* The task: Write exactly the lines running from the start of the material below to the line that includes "Samsung SM-G900DZKEDCM, SM-G900DZWEDCM", and include no pictures.

[Available records Boundary: Start]

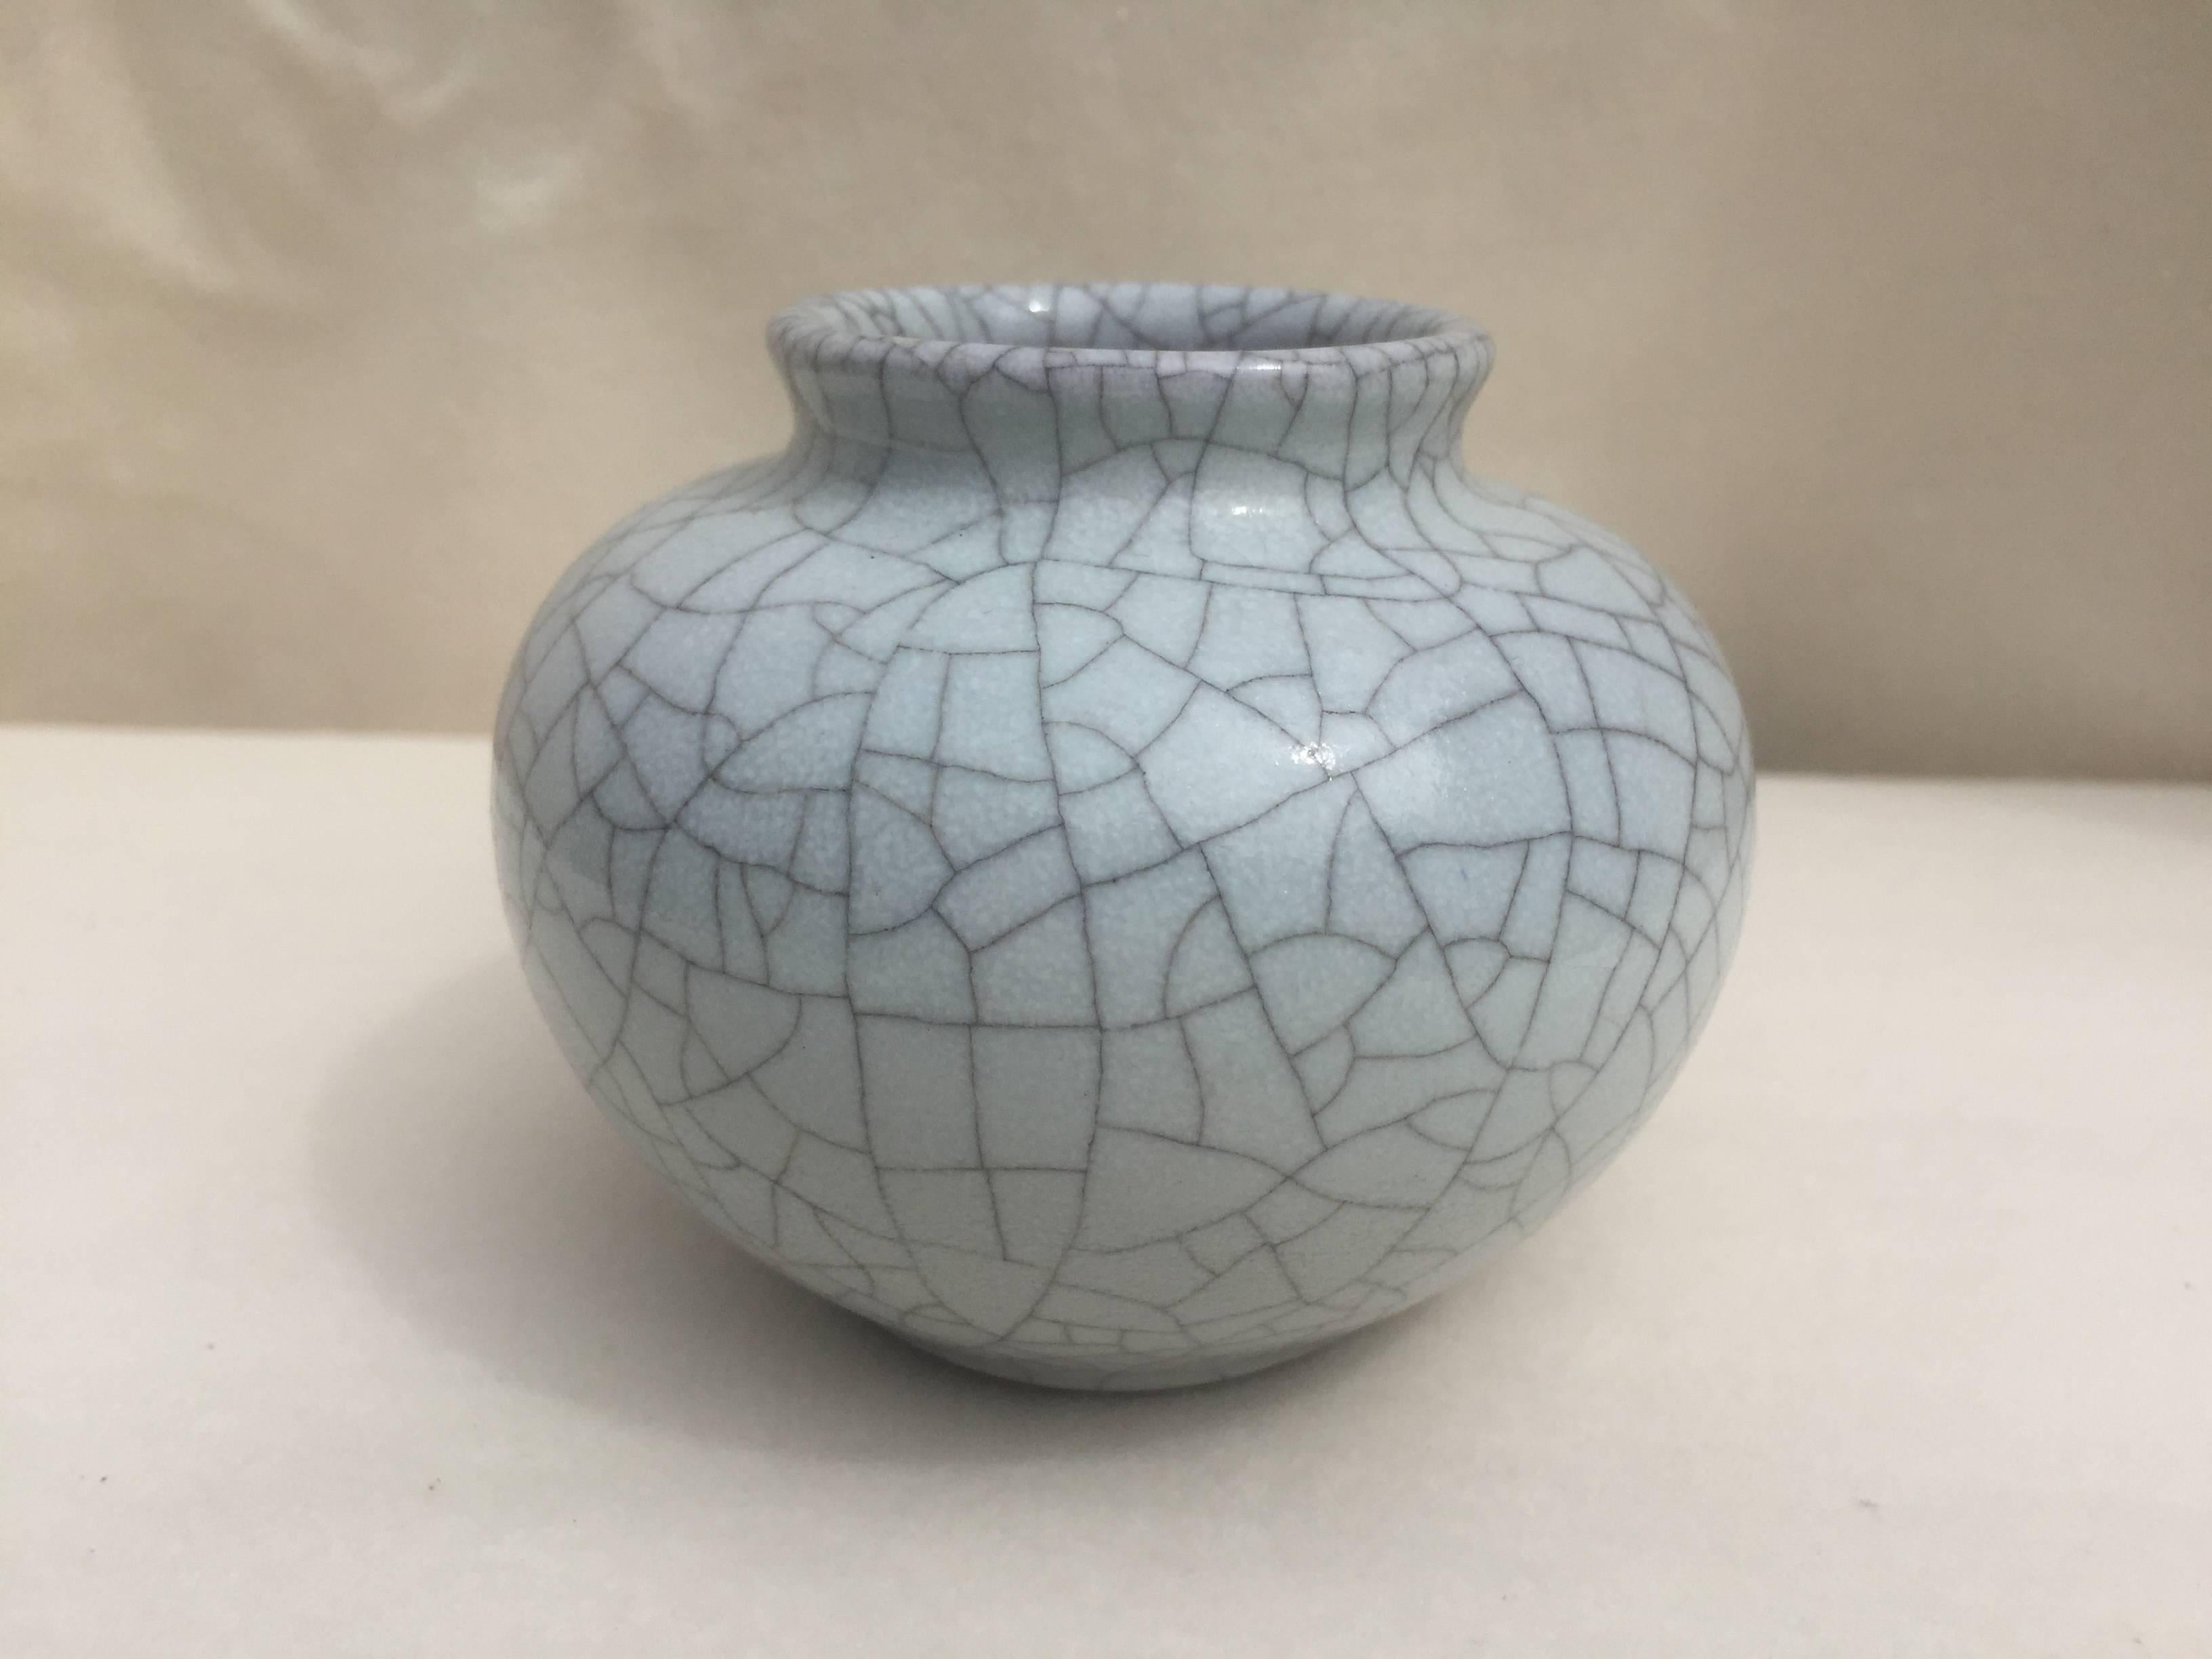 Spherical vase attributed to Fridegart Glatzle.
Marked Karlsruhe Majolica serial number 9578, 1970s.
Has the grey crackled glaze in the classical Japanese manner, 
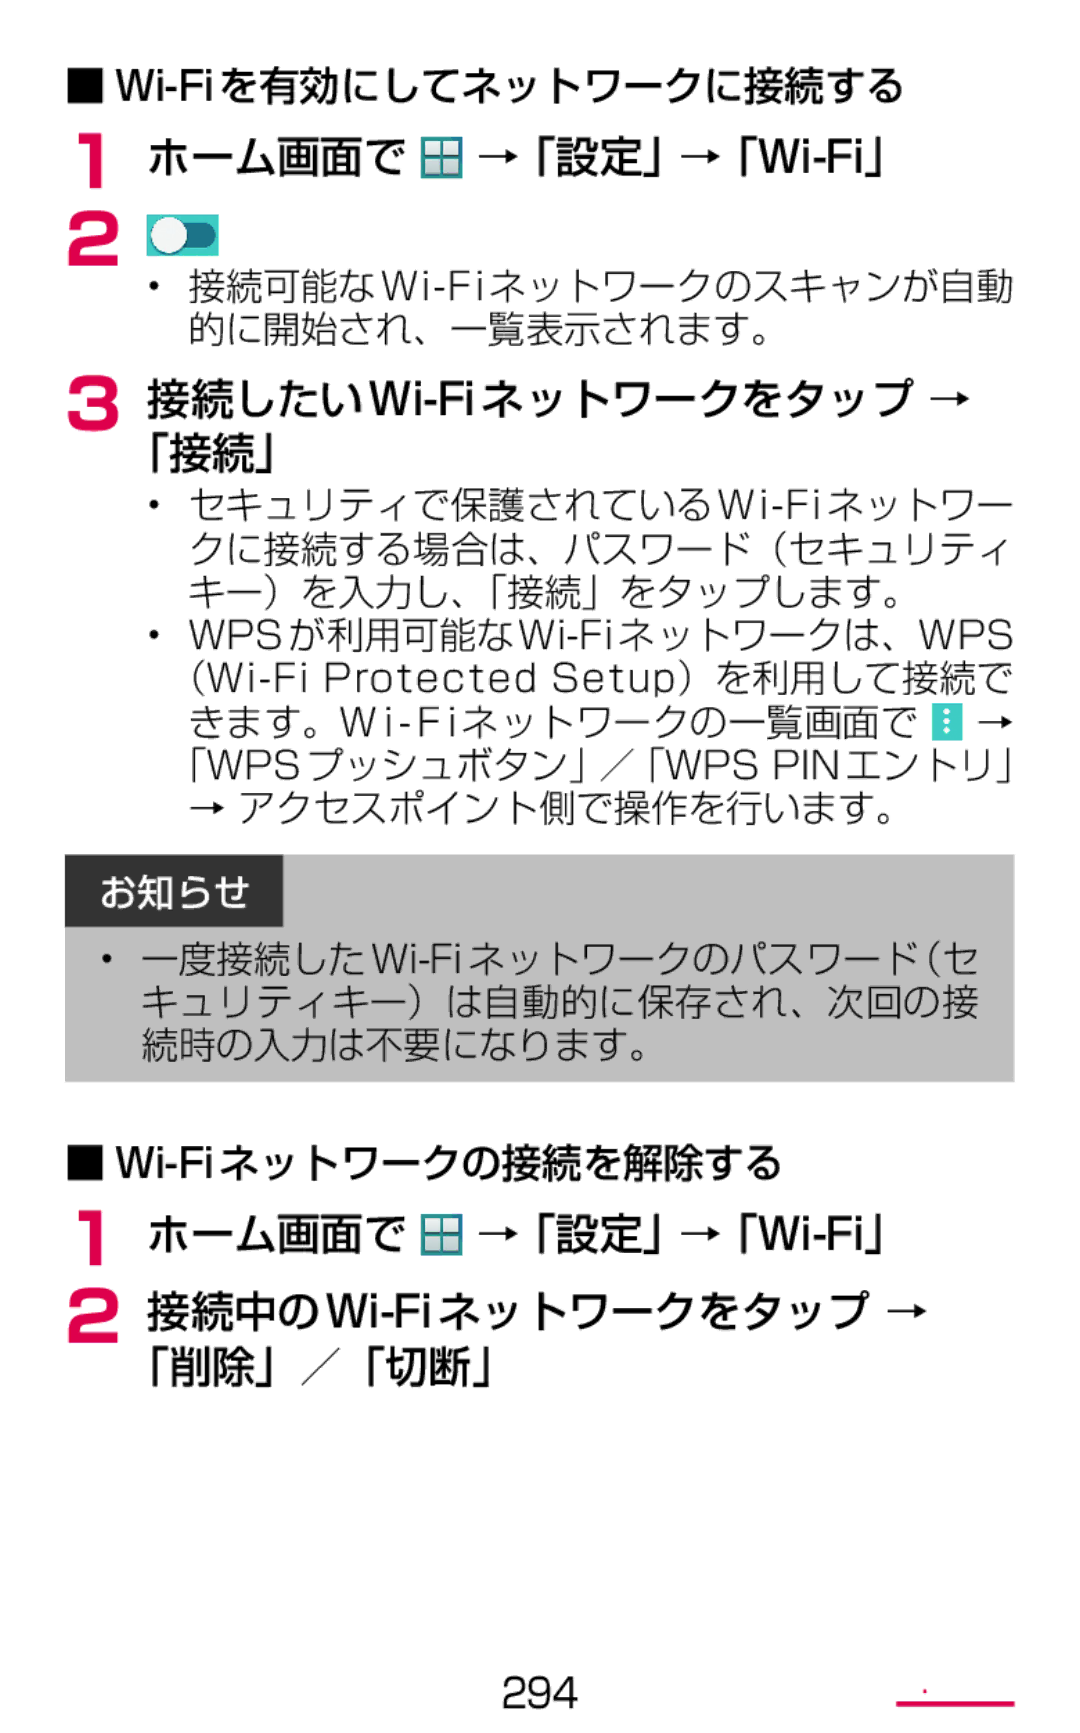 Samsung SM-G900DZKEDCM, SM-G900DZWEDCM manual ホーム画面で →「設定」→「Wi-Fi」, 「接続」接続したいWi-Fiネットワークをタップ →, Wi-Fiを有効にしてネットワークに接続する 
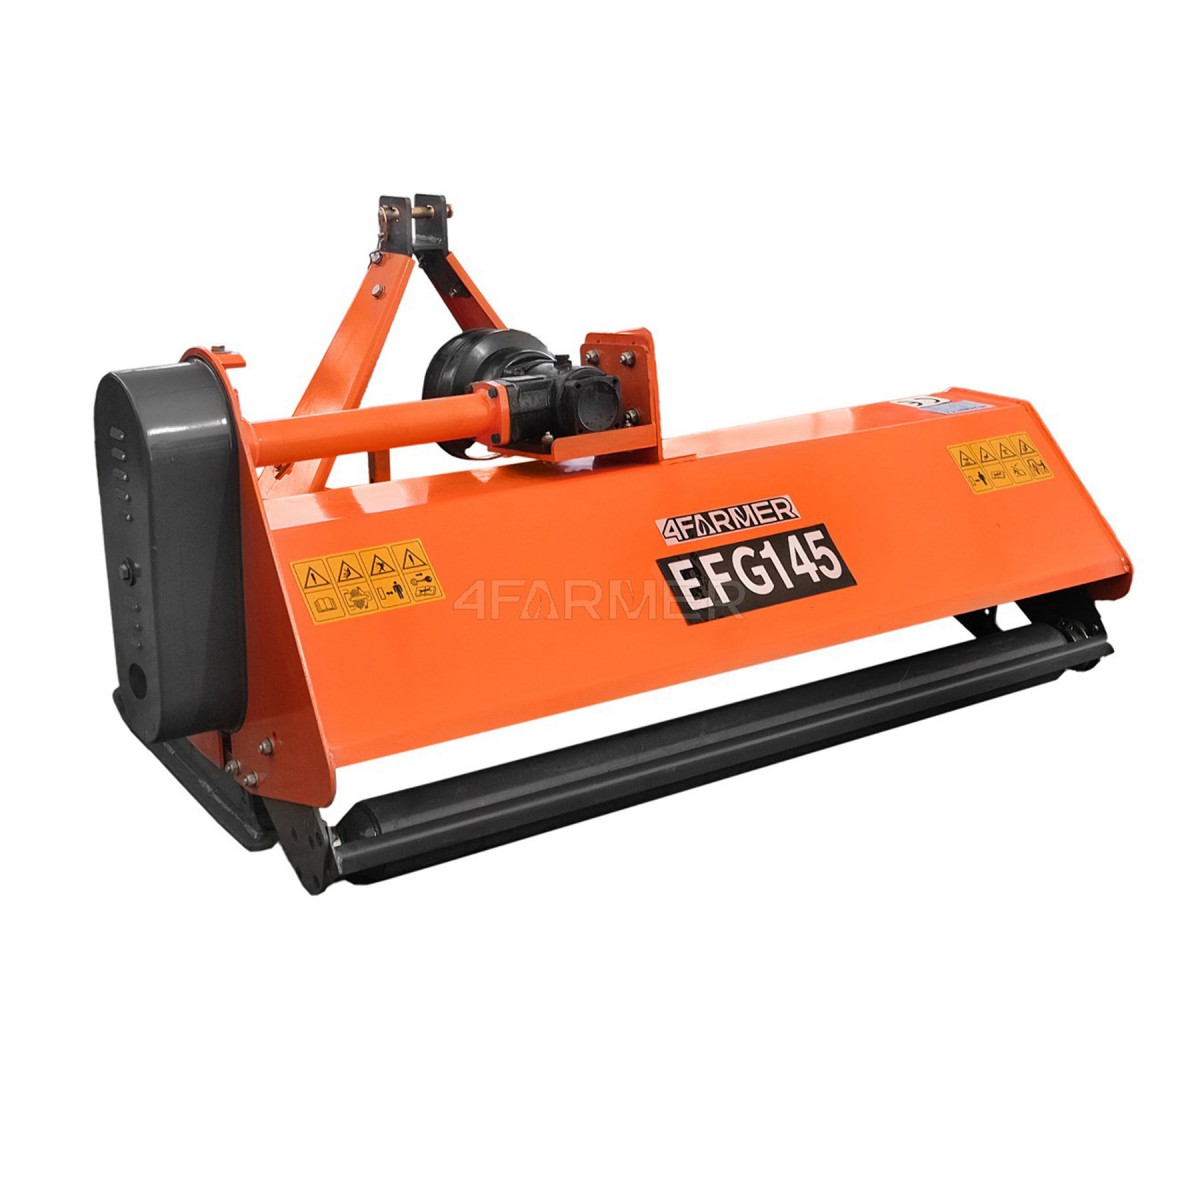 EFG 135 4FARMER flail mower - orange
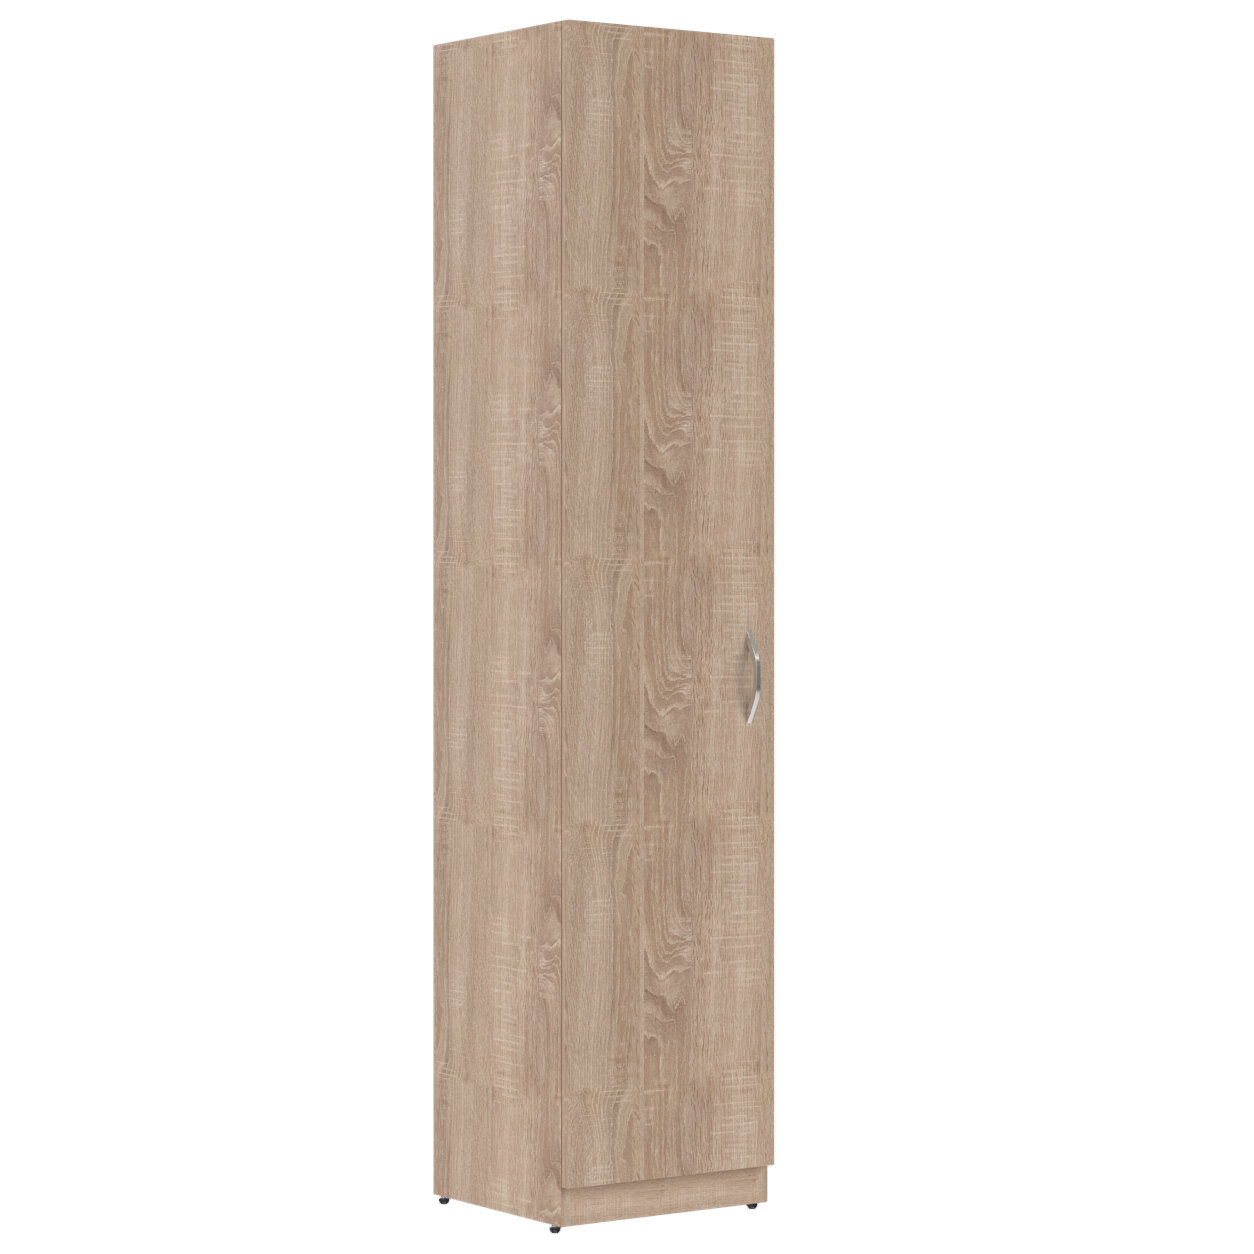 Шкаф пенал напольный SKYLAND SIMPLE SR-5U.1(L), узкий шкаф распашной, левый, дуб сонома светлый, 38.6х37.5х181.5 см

[Available records Boundary: End]

* Finished task:
 Spherical vase attributed to Fridegart Glatzle.
Marked Karlsruhe Majolica serial number 9578, 1970s.
Has the grey crackled glaze in the classical Japanese manner, 
 Samsung SM-G900DZKEDCM, SM-G900DZWEDCM manual ホーム画面で →「設定」→「Wi-Fi」, 「接続」接続したいWi-Fiネットワークをタップ →, Wi-Fiを有効にしてネットワークに接続する 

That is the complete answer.